Describe the reasons for why e CTD software is needed to help in the submissions process, including details of HOW the software program (or programs) can help

In completing Writing Assignment students will have the opportunity to:

  • Demonstrate an understanding of the importance of choosing eCTD software to assist in eCTD submissions
  • Demonstrate an ability to interpret a publicly available information about different eCTD software solutions
  • Demonstrate an ability to apply information presented in RGA6207 regarding eCTD submissions and best practices to a real-world scenario

For this assignment, you are a Sr Manager of Regulatory Affairs at a small, emerging biotechnology company that has completed all aspects of development for a combination drug/device product called CVT-301.CVT-301 was developed for treatment of the symptoms of Parkinson’s Disease.It is now time for you to select an appropriate eCTD software tool (or tools) to best assist you in an eCTD-compliant submission of your company’s first NDA.
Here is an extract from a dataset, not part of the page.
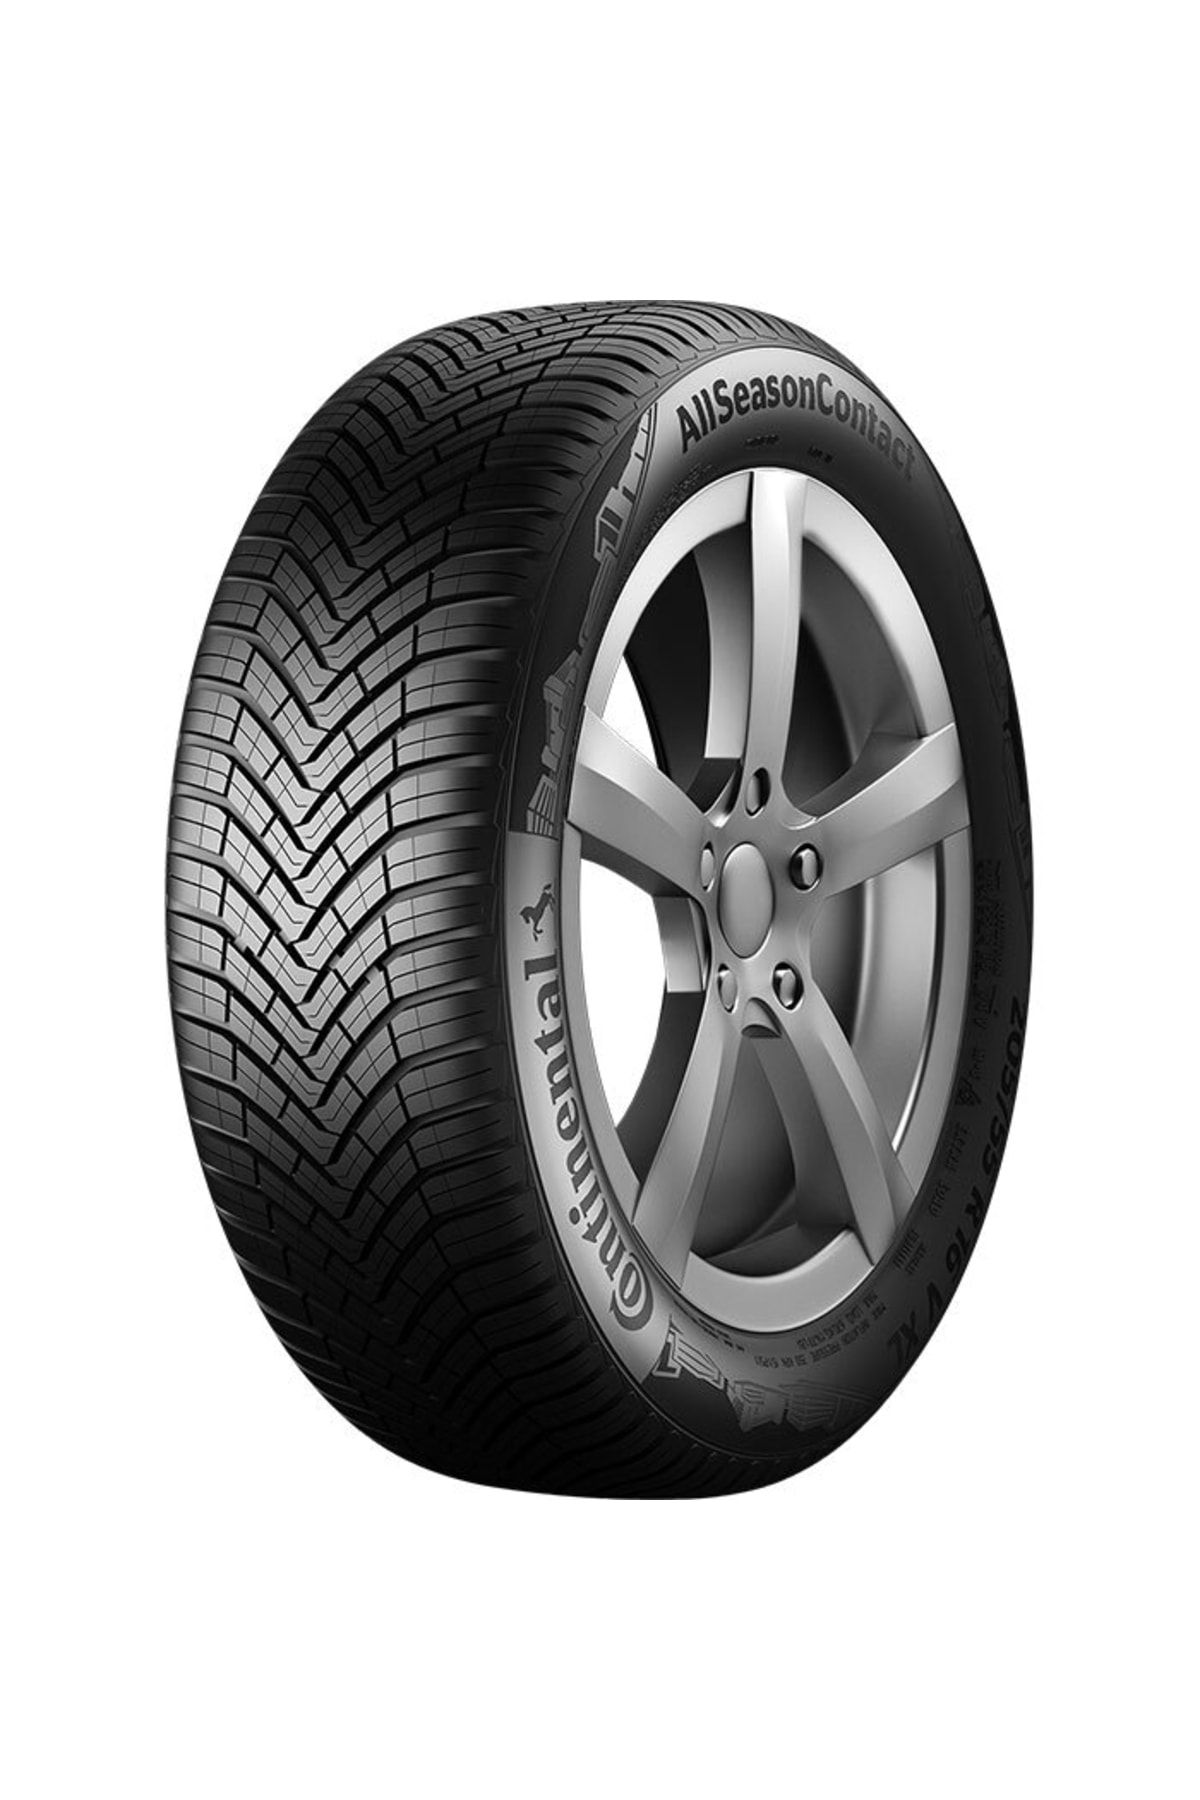 Continental ECOCONTACT 6 195/60 r15 88h. Continental ECOCONTACT 6. Continental CONTIECOCONTACT 6 185/60 r15. Continental CONTIECOCONTACT 6 205/65 r15 94h.

As the Sr Manager of Regulatory Affairs, it is your task to:

  • Describe the basics of NDA submission best practices
  • Describe the reasons for why eCTD software is needed to help in the submissions process, including details of HOW the software program (or programs) can help
  • List 3 to 5 eCTD software products on the market and briefly describe their capabilities (Is this software that helps with conversion of word documents to eCTD-compliant PDFs? Is this software that organizes the eCTD documents into their appropriate hierarchy/granularity?) A simple google search can help you to easily locate some different software products that are marketed to help regulatory professionals compile eCTD-compliant IND and NDA submissions.This Written Assignment should be comprised of 3-5 pages of content (including references).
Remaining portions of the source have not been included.